I've got a typical impedance mismatch where the data is stored in a normalized fashion:
Client | Year | Value -------------------------- Foo 2007 9000000 Foo 2008 10000000 Bar 2008 20000000 Foo 2009 12000000 Bar 2009 15000000
But the users consume, visualize and comprehend it in a denormalized fashion:
Client | 2007 Value | 2008 Value | 2009 Value --------------------------------------------- Foo 9000000 10000000 12000000 Bar - 20000000 15000000
Which is all well and good—I've got a variety of solutions in place for pivoting and unpivoting the data between rendering and persistence. However, the in the real-world case the denormalized rendering has dozens of columns, which becomes unwieldy to use and to get ones head around.
Keeping in mind that the users currently grok the data in its denormalized fashion, and that I don't want to mess with their mental map to try to change that, what are some strategies for better presentation of wide tabular data? I know it's not a new problem but I don't know where to look for good insights.
I'm not looking for answers specific to any one presentation environment.
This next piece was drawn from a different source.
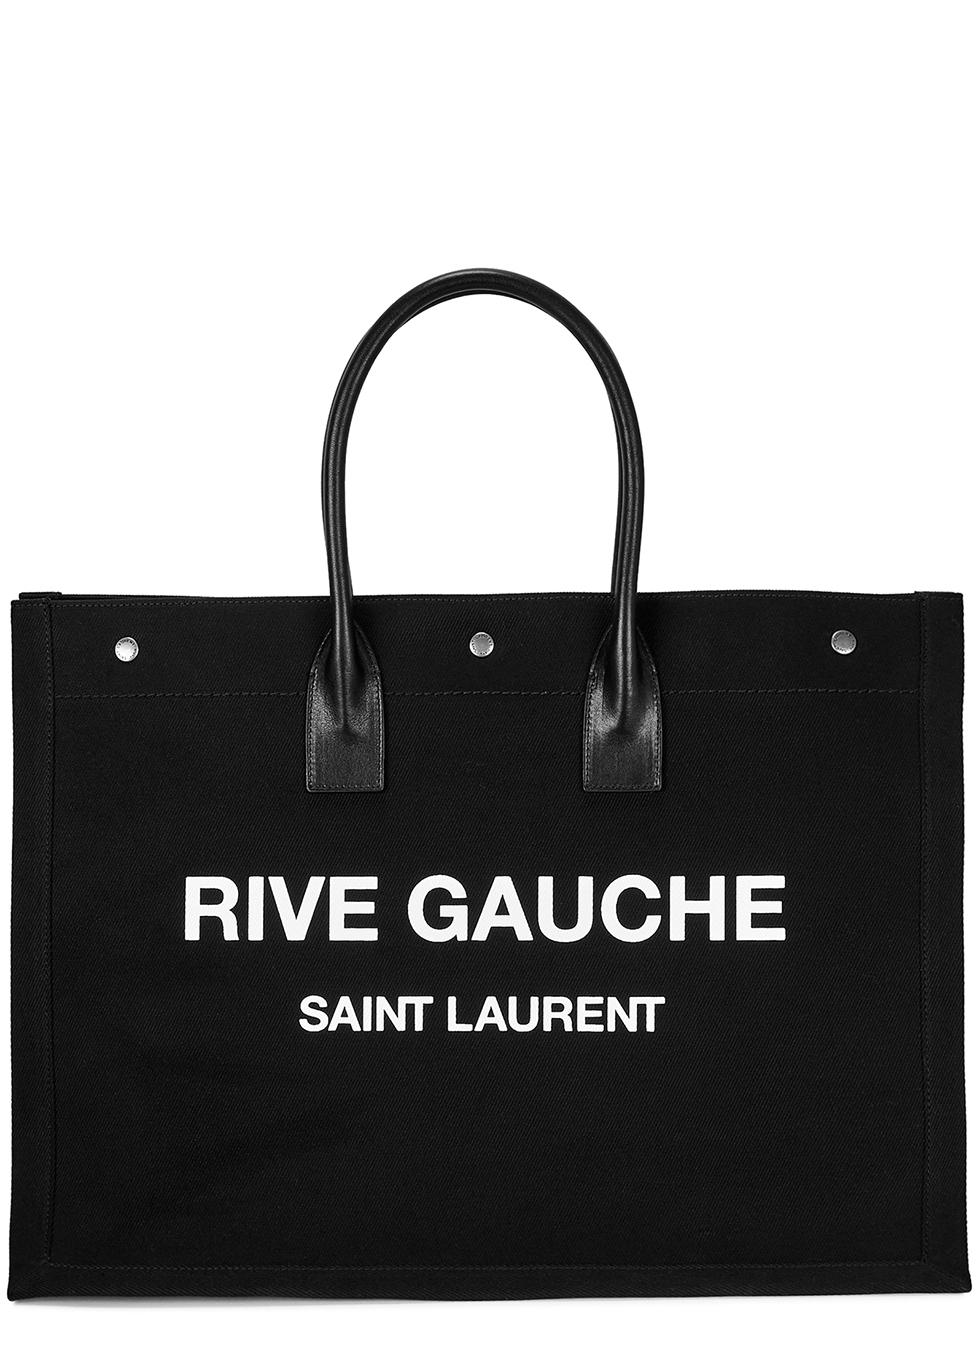 bf6f97f5a10 Saint Laurent - Harvey Nichols

Whether in a web browser or a spreadsheet, grasping a wide presentation of data is simply a mentally difficult task and I'm looking for general strategies or presentational shifts—or pointers to resources—to mitigate that difficulty.
A picture can go a long way. A graph of the data can provide people which what they are usually looking for - patterns and abnormalities. In the case of your denormalized data table, I'd suggest adding a spark chart on each row that shows all the values. That way looking down the list one can see how the different values changed.
Here are some examples of people using inline charts in their data to provide visualizations of hard numbers:
http://s.wsj.net/public/resources/images/P1-AL682_OILFIE_20080521185242.gif
http://mjsbigblog.com/wp-content/uploads/2008/02/billboardupdate020908.png
http://www.economist.com/images/20041009/CUS756.gif
Edward Tufte has some exceptional guidelines on visualizing data, check out the sparklines for the Wall Street stocks example on his wikipedia page.